Holocaust survivors condemn auction of Nazi execution files | News World

Dachau concentration camp in Bavaria, Germany. Holocaust survivors have condemned a ‘shameless’ auction of 600 Nazi artefacts (Picture: Getty Images)

An auction home is facing a backlash for selling off lots of of vital Nazi records and artefacts.

Greater than 600 letters and files documenting crimes committed throughout the Holocaust are to be sold at ‘The System of Terror’ auction on Monday.

Holocaust survivors have called for the ‘cynical and shameless’ event on the Felzmann auction house in Neuss, Germany, to be cancelled.

The dealer, which relies just outside Dusseldorf and specialises in postcards, advertised 627 items, including Gestapo files and letters to family members by prisoners of concentration camps.

Lots on the market on Monday include a Gestapo card detailing the execution of a Jewish resident of the Mackheim ghetto, predicted to fetch 350 euros, and an eight-page pamphlet of a 1940 anti-Jewish propaganda film, for which bids start at €120.

Other items include a letter sent by a Polish prisoner of Auschwitz from 1940, with a starting price of €180.

Meanwhile a letter describing the death of a ‘euthanised’ patient on the Hadamar State Hospital, used as a killing facility during World War II, was expected to fetch no less than €350.

One file, which documents a person forcibly sterilised on the Dachau concentration camp in 1937, on account of being deemed ‘racially unclean’.

Press release from the Fritz Bauer Institute: BUSINESS WITH Nazi PERSECUTION AND THE HOLOCAUST Press release regarding the planned auction
A grab of Lot 1 of the auction, an ‘extremely rare’ concentration camp release certificate, with a starting price of 400€ (Picture: Fritz Bauer Institute)

In accordance with the Fritz Bauer Institute, the auction house used cynical tactics, including justifying higher starting prices for items with accompanying pictures.

The research centre of Nazi crimes said: ‘The written and audiovisual interpretation of the NS crimes and their afterstory must urgently be entrusted to the general public archives and memorials.

‘Only listed here are the documents expertly preserved, recorded, preserved for the long run and made available taking into consideration their provenance, all copyright and personality rights in addition to the protective interest of the affected people or their descendants of historical research and to an interested public.’

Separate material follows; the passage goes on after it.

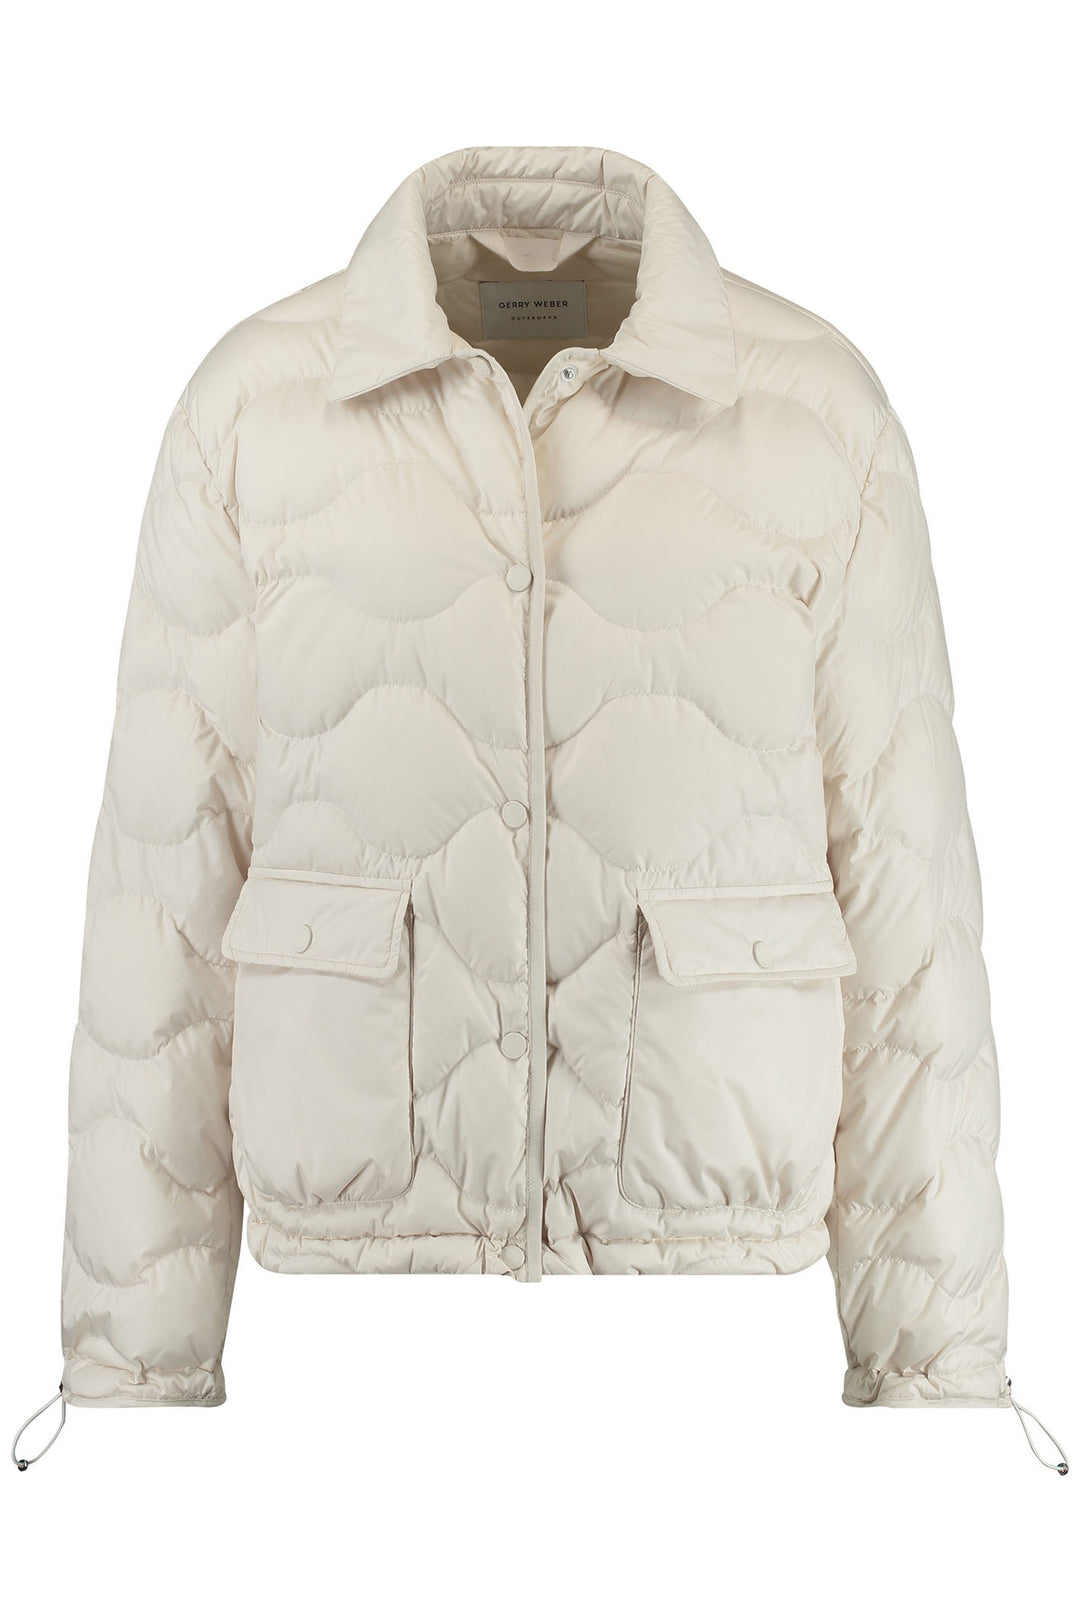 Gerry Weber 350232-31196 Cream Quilted Jacket - Dotique Chesterfield

Christoph Heubner, an executive of the International Auschwitz Committee, said that families of Holocaust survivors were left ‘outraged and speechless’ by the event.

He said the items belonged to victims and their families and must be kept in museums or memorial exhibitions.

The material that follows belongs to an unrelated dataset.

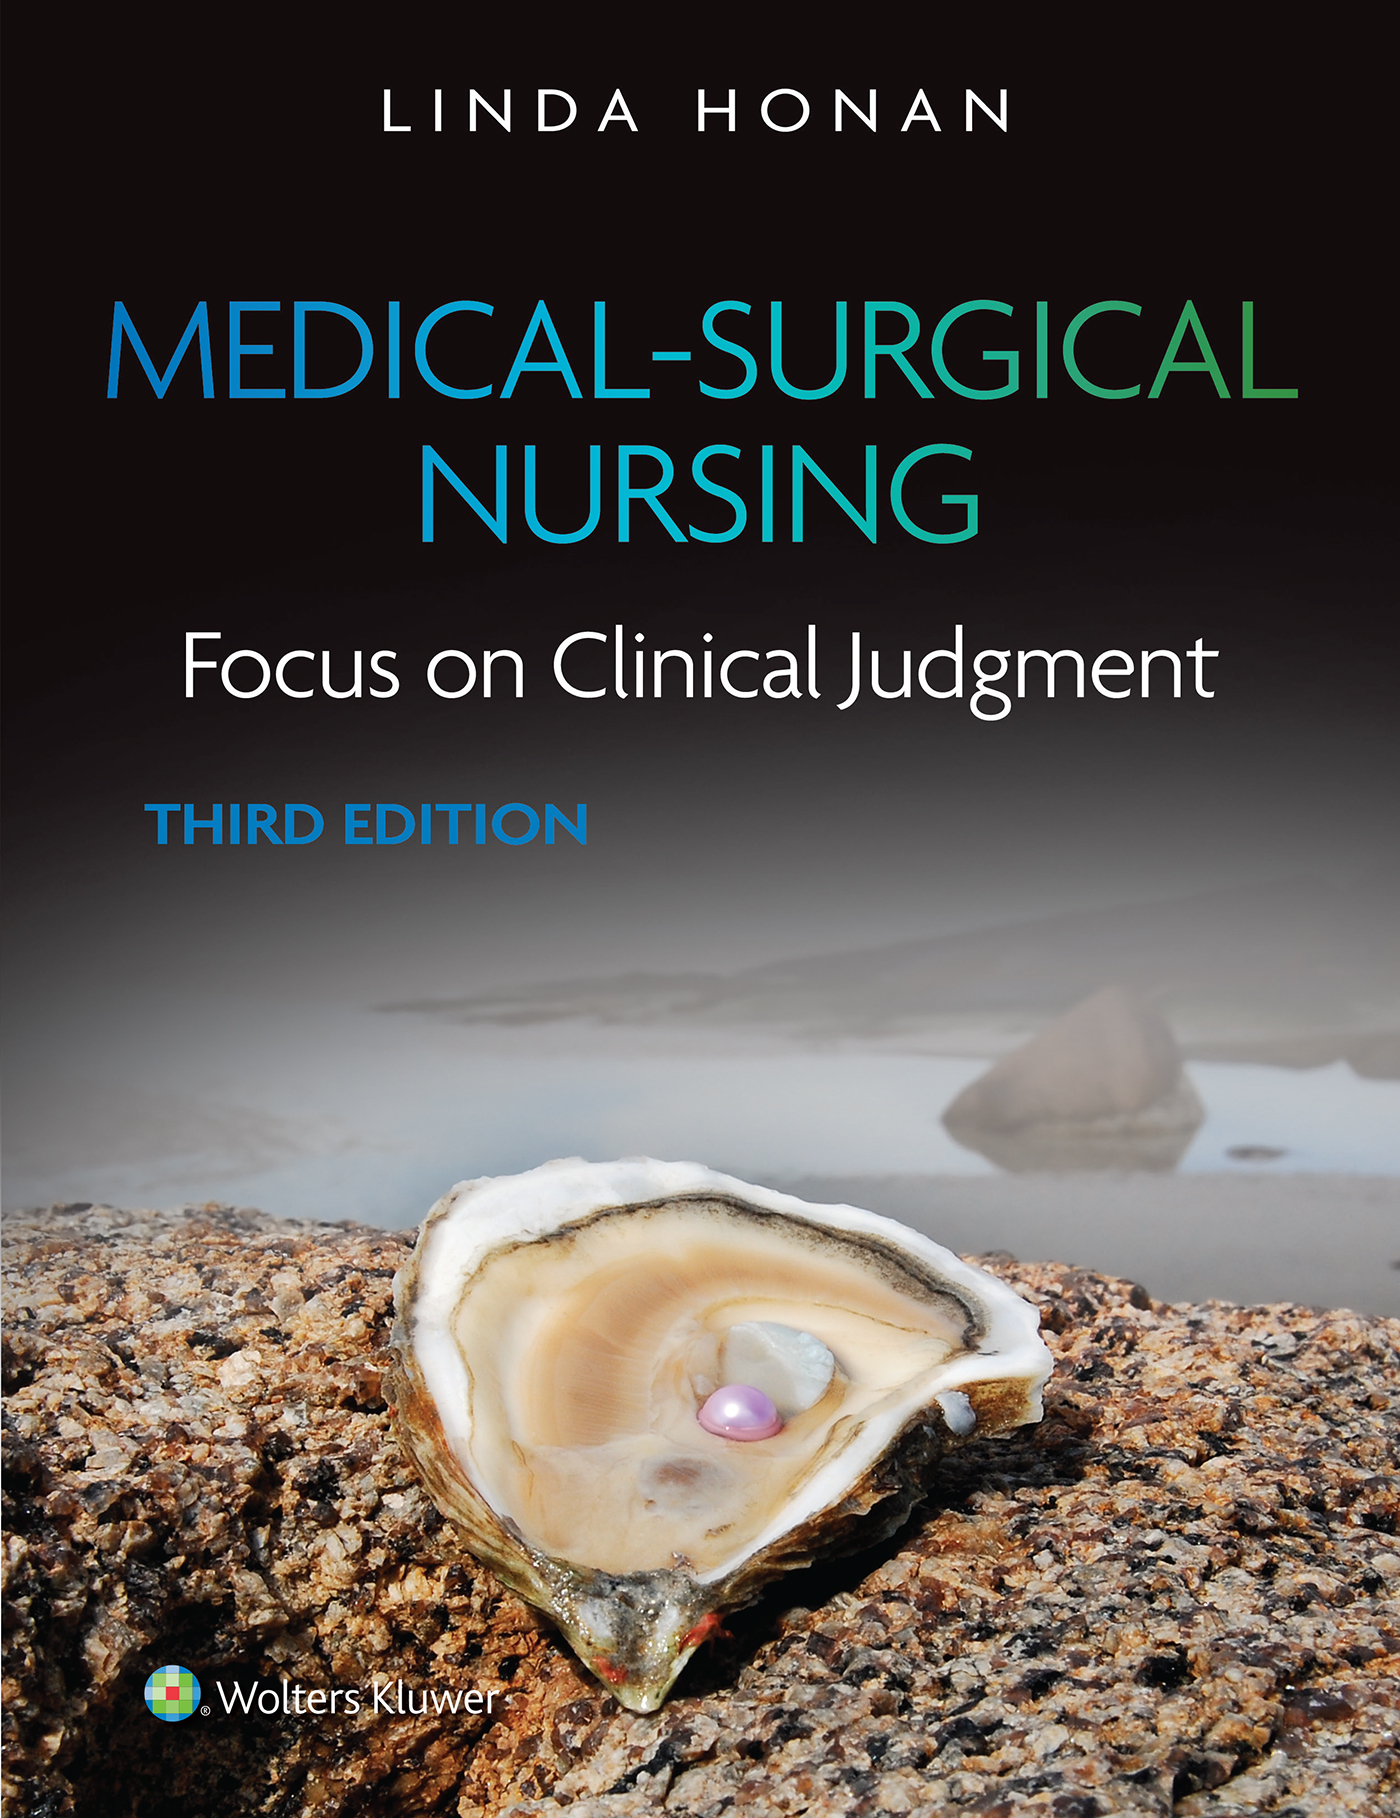 Medical-Surgical Nursing: Focus on Clinical Judgment, 3rd Edition

He said: ‘Their history and the suffering of all those persecuted and murdered by the Nazis is being exploited for industrial gain.

‘We urge those responsible on the Felzmann auction house to point out some basic decency and cancel the auction.’

The auction listing was faraway from the Felzmann website by Sunday afternoon.

Metro has contacted the auction house for comment.